- [PROBLEM] When you reach the line with "Perfect entrance hall fixture!", transcribe it and each line after it through the last one below, exactly. Pictures stay out.
Segment Open
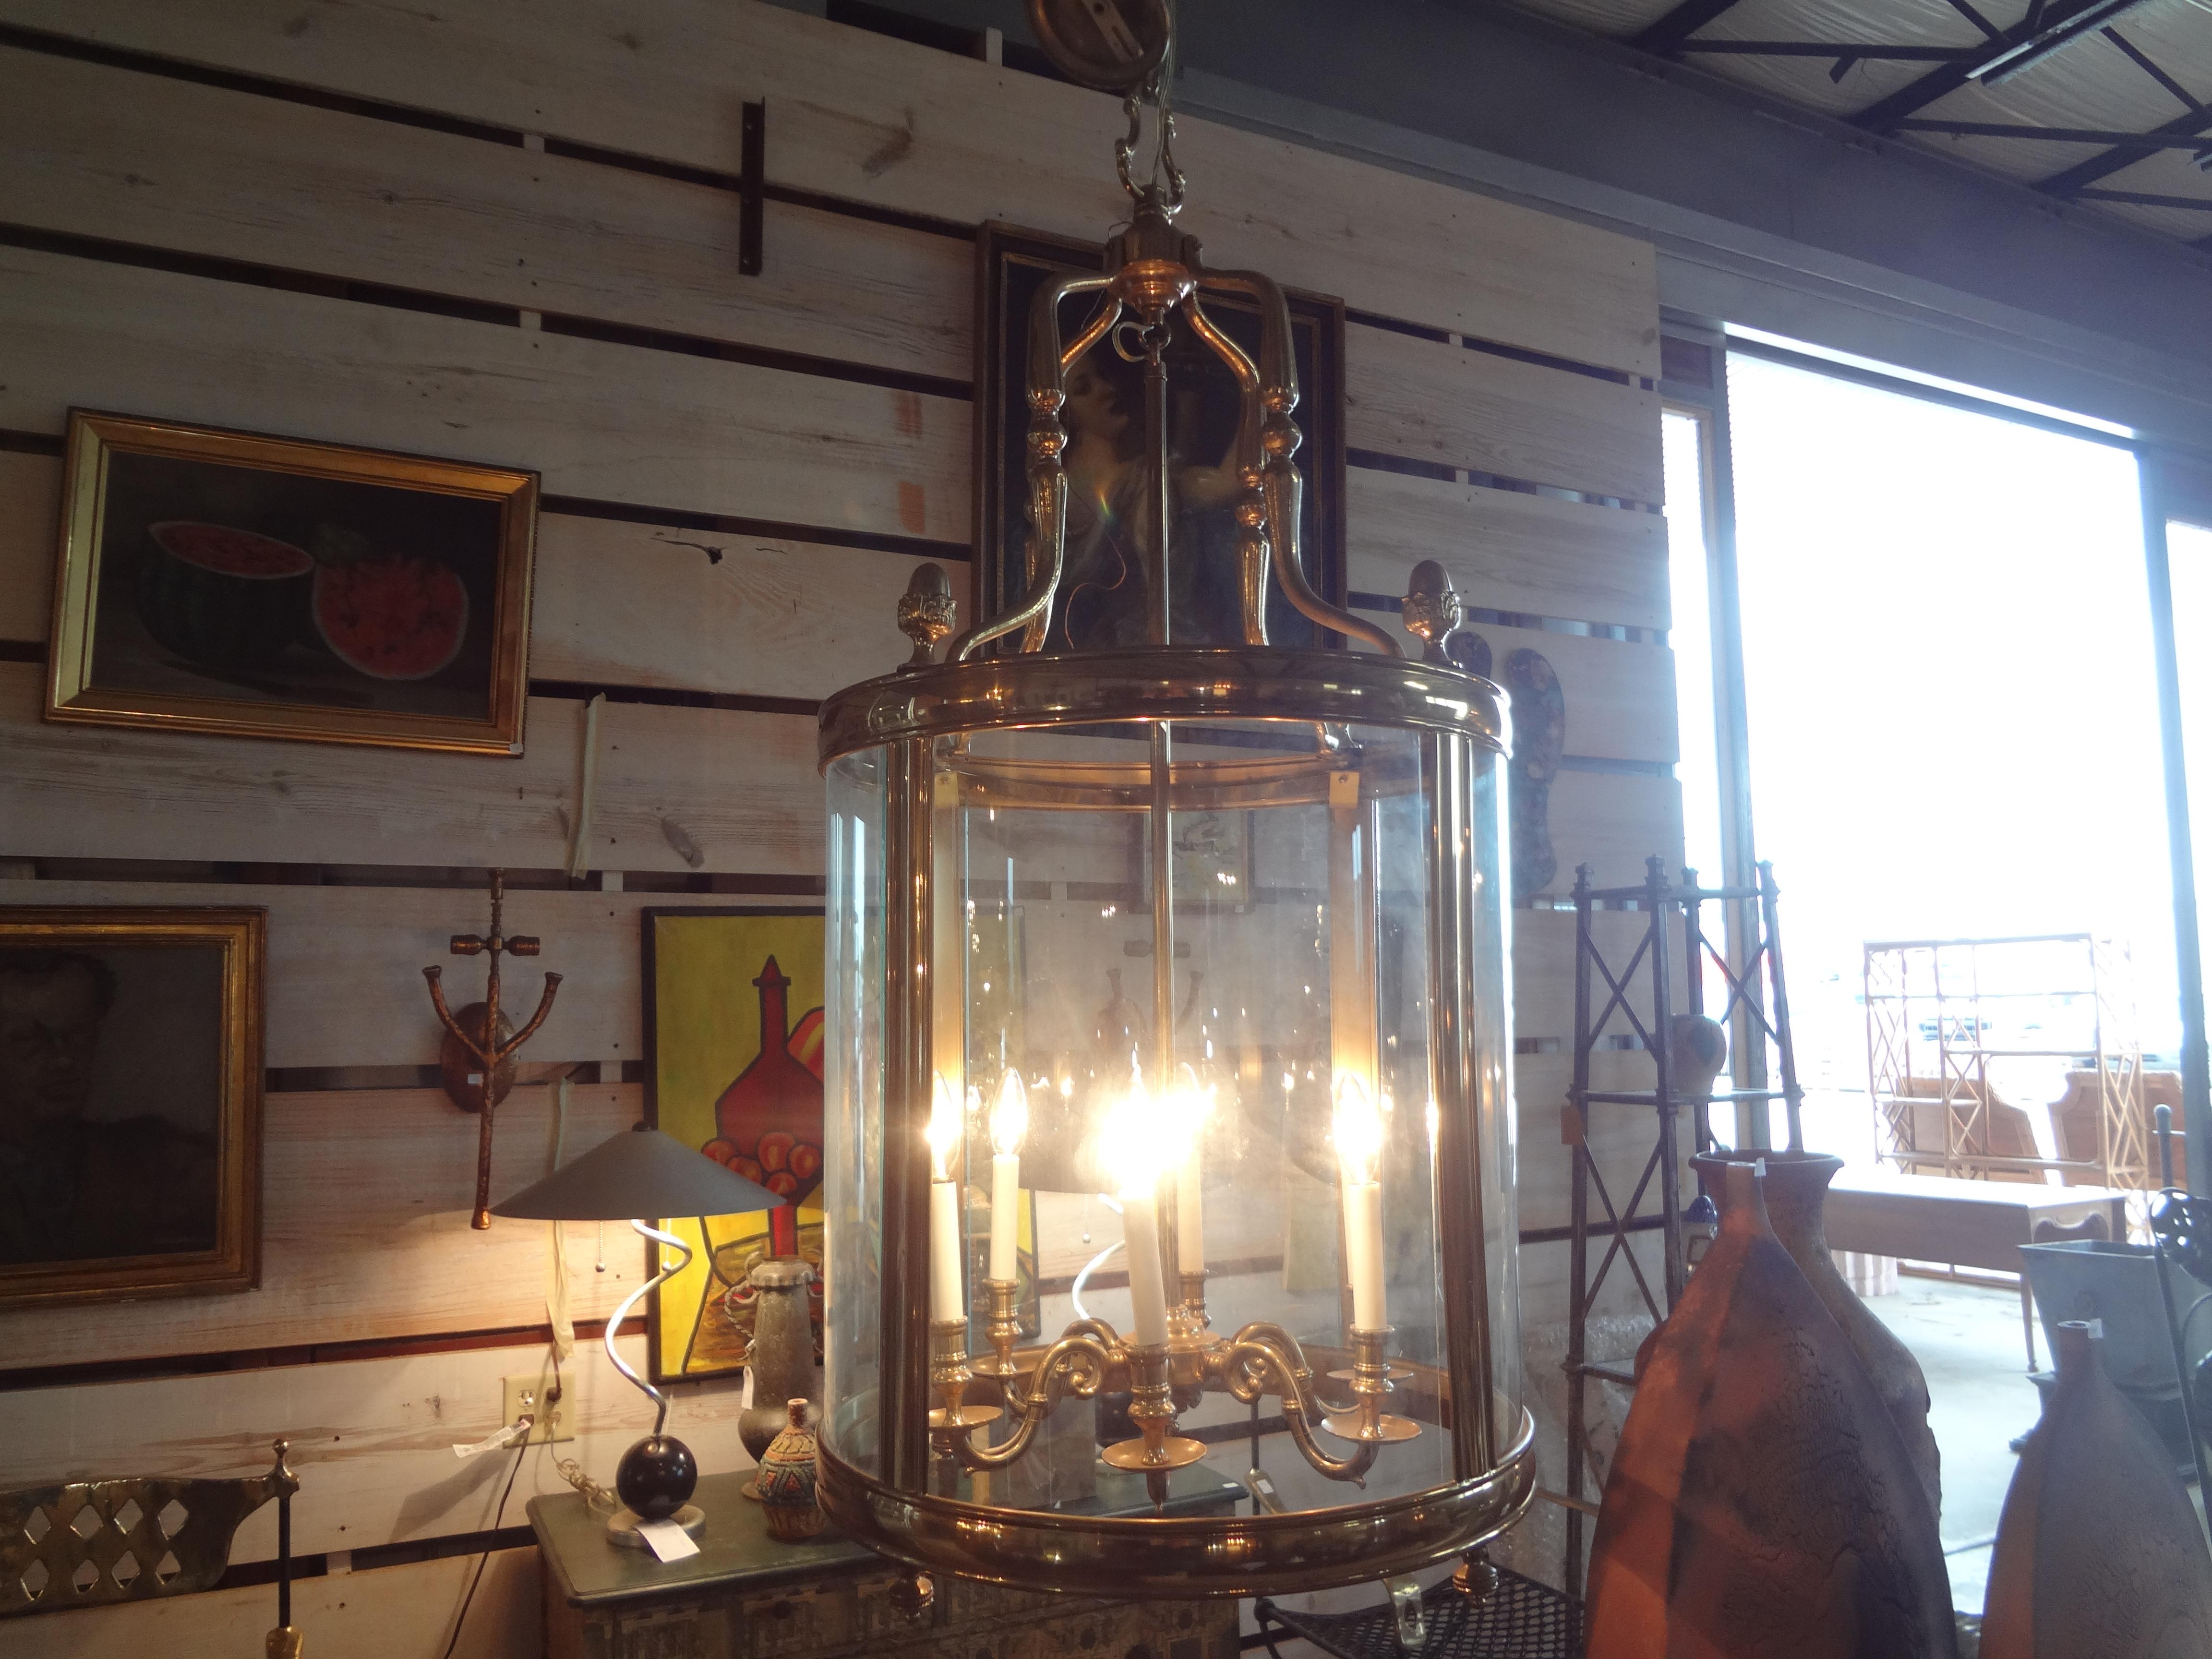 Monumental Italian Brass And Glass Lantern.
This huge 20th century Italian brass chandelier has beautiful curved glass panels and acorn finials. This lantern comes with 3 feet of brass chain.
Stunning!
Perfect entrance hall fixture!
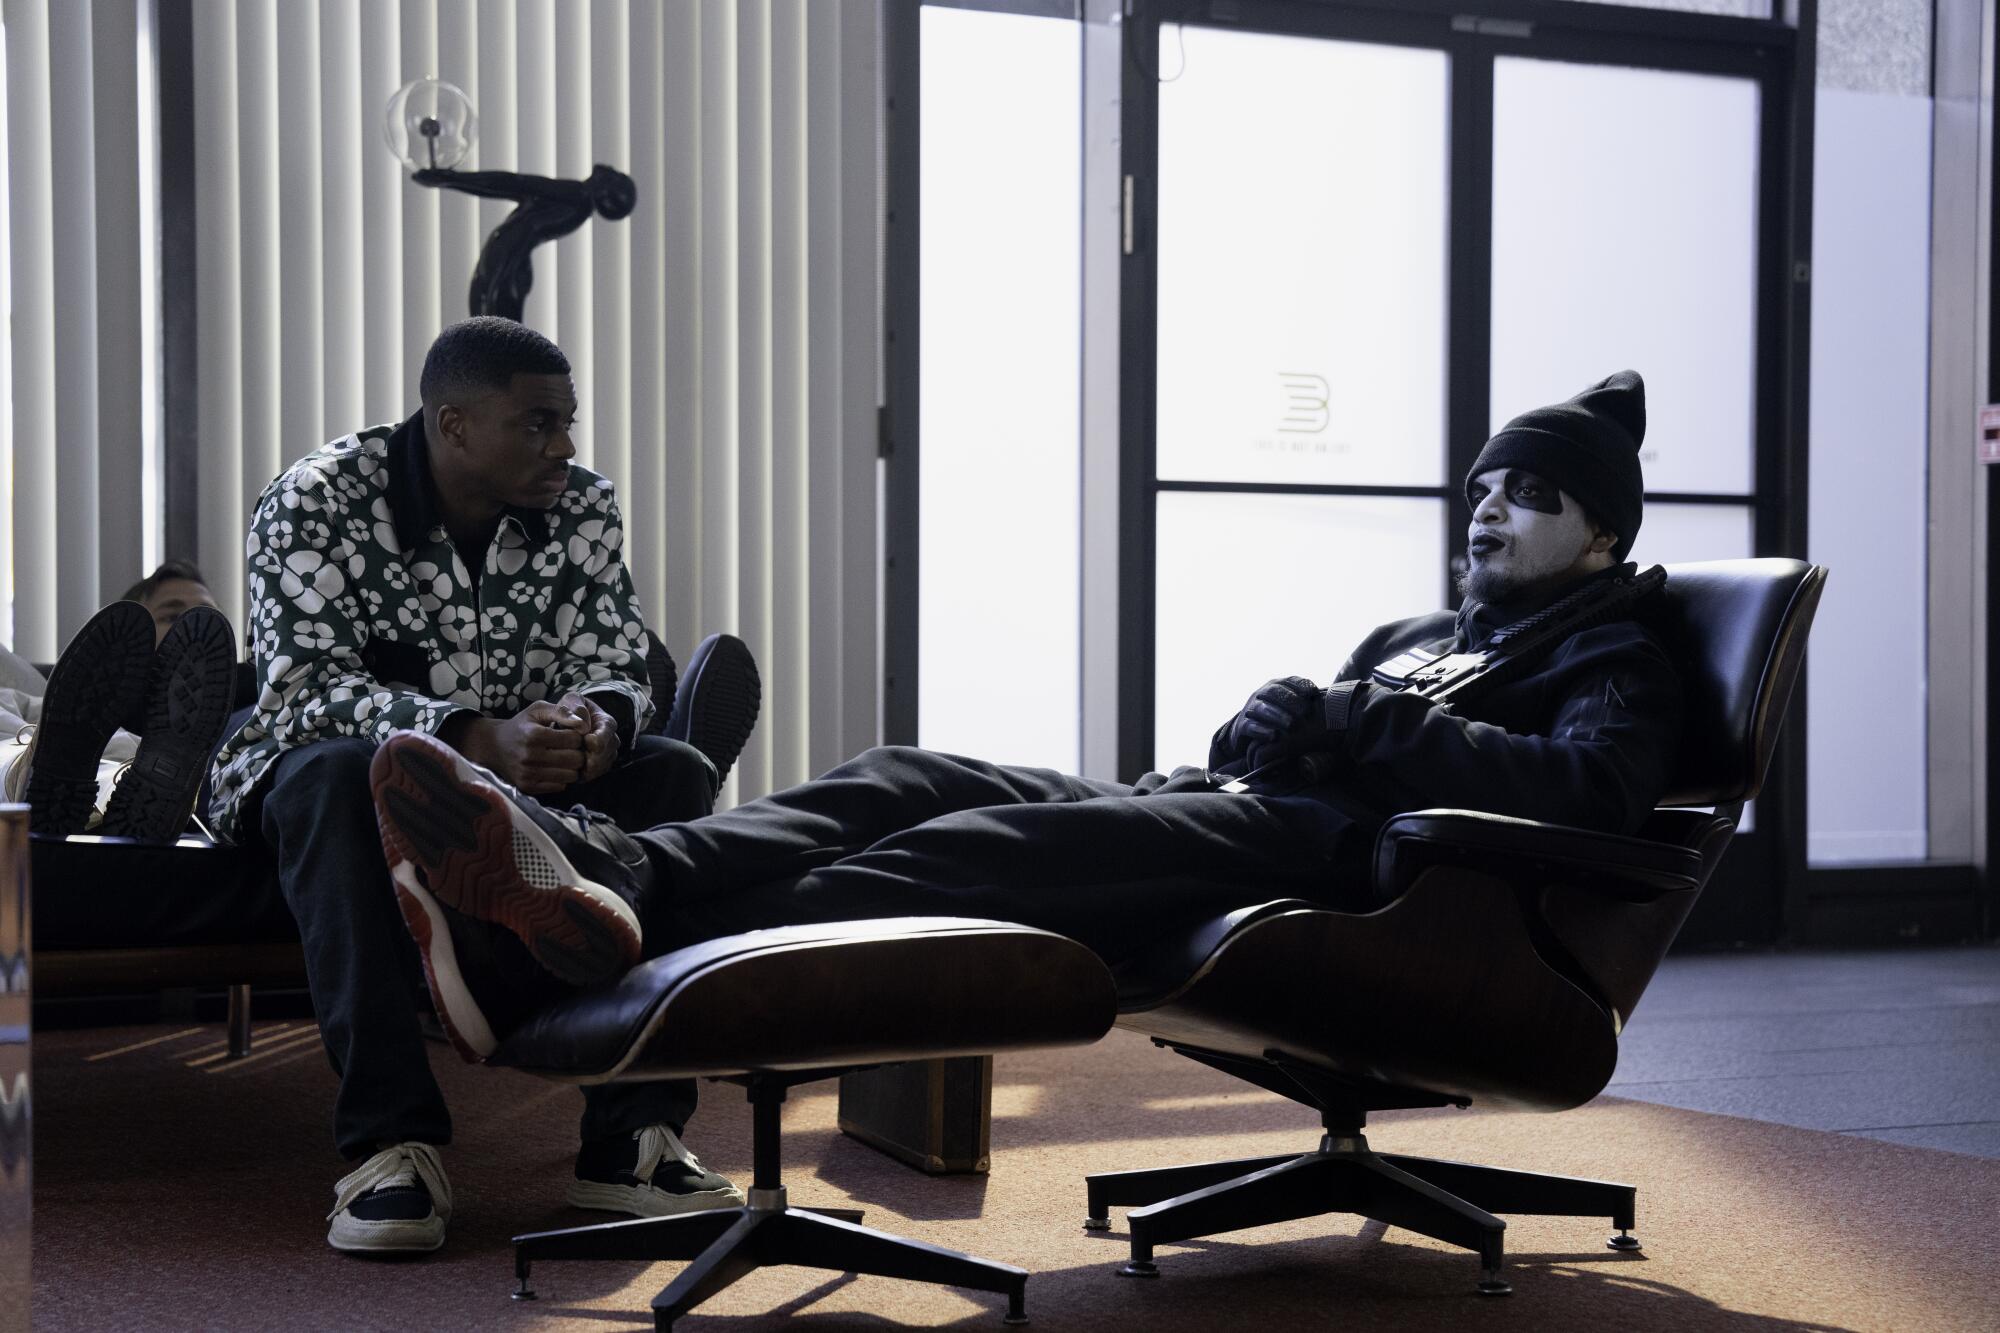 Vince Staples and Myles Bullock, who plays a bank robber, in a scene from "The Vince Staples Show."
Segment Closed
- [WRITTEN RESPONSE]
Perfect entrance hall fixture!
 Vince Staples and Myles Bullock, who plays a bank robber, in a scene from "The Vince Staples Show."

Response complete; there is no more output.